The earliest remains are Mesolithic and come from the upland part of the parish. The high sandstones are well known for caves and rock shelters and Shiellow Crags in Lowick has revealed flint and chert artefact scatters and knapping waste. Such scatters are the only signs of temporary occupation here, perhaps during a hunting trip, and would have been a good vantage point and a recognisable landmark.
A Neolithic stone axe has been found near Lowick and suggests that trees were being felled here, perhaps to create early fields or for building. Although no Neolithic settlements have been found there is evidence of a more mysterious and ritual nature. A cup and ring marked stone at Lowick Low Steads was found in a Bronze Age burial and, although not in its original position, was probably still of some significance. Other Bronze Age discoveries have been made, including a burial and a bronze axe.
Iron Age remains are few and are limited to two cropmarks seen on aerial photographs.
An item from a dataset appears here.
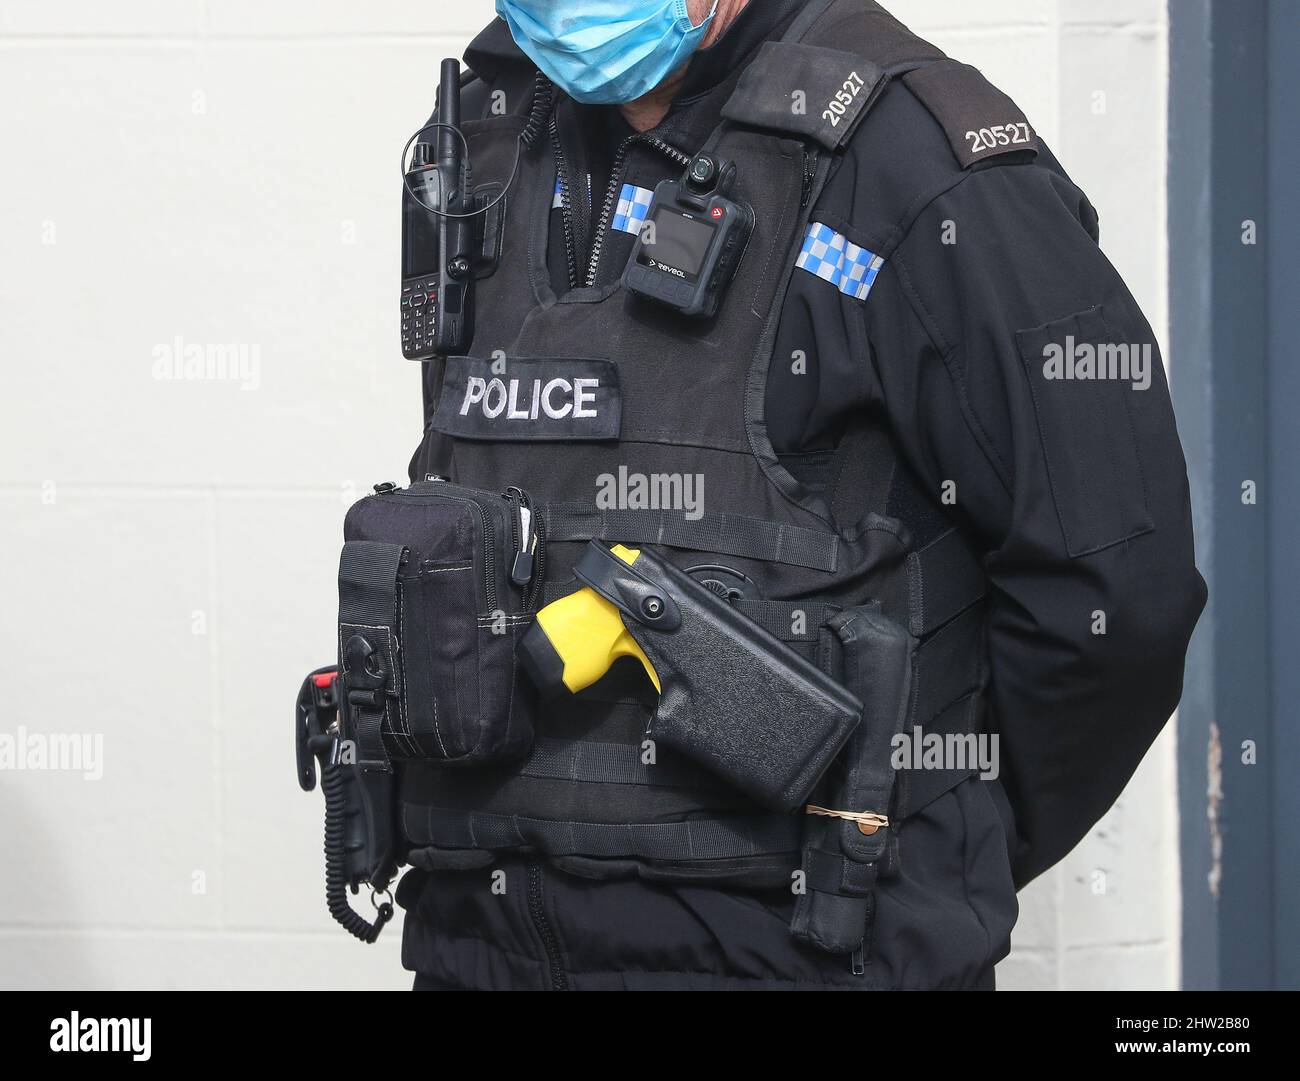 Ufficiale di polizia del Regno Unito che indossa un giubbotto tattico, tra cui una pistola da tazer e una macchina fotografica per il corpo. Foto Stock

A possible hillfort lies near Lowick High Stead and a possible promontory fort overlooks the Hetton Burn. The hillfort may have continued in use into the Roman period. Farmsteads were also established in new places in the Roman period with enclosures near the Hetton Burn, Lowick Low Steads and Laverocklaw. The Devil's Causeway Roman road passes through the parish, on its way from Low Learchild fort north towards Berwick, but no military sites or Roman finds have been discovered in the parish.
In the early medieval period tradition holds that, in the seventh century, St Cuthbert used a cave here as a hermitage. The discovery of a small knife somewhere around Lowick suggests a small cemetery, although no associated settlement has been found.
In the medieval period, people lived in villages and hamlets at Barmoor, Holburn and Lowick. Two castles have stood in the parish, at Lowick Low Steads and Barmoor Castle, and smaller tower houses were built at Holburn and Lowick Tower. They were built to withstand attacks during the wars with Scotland.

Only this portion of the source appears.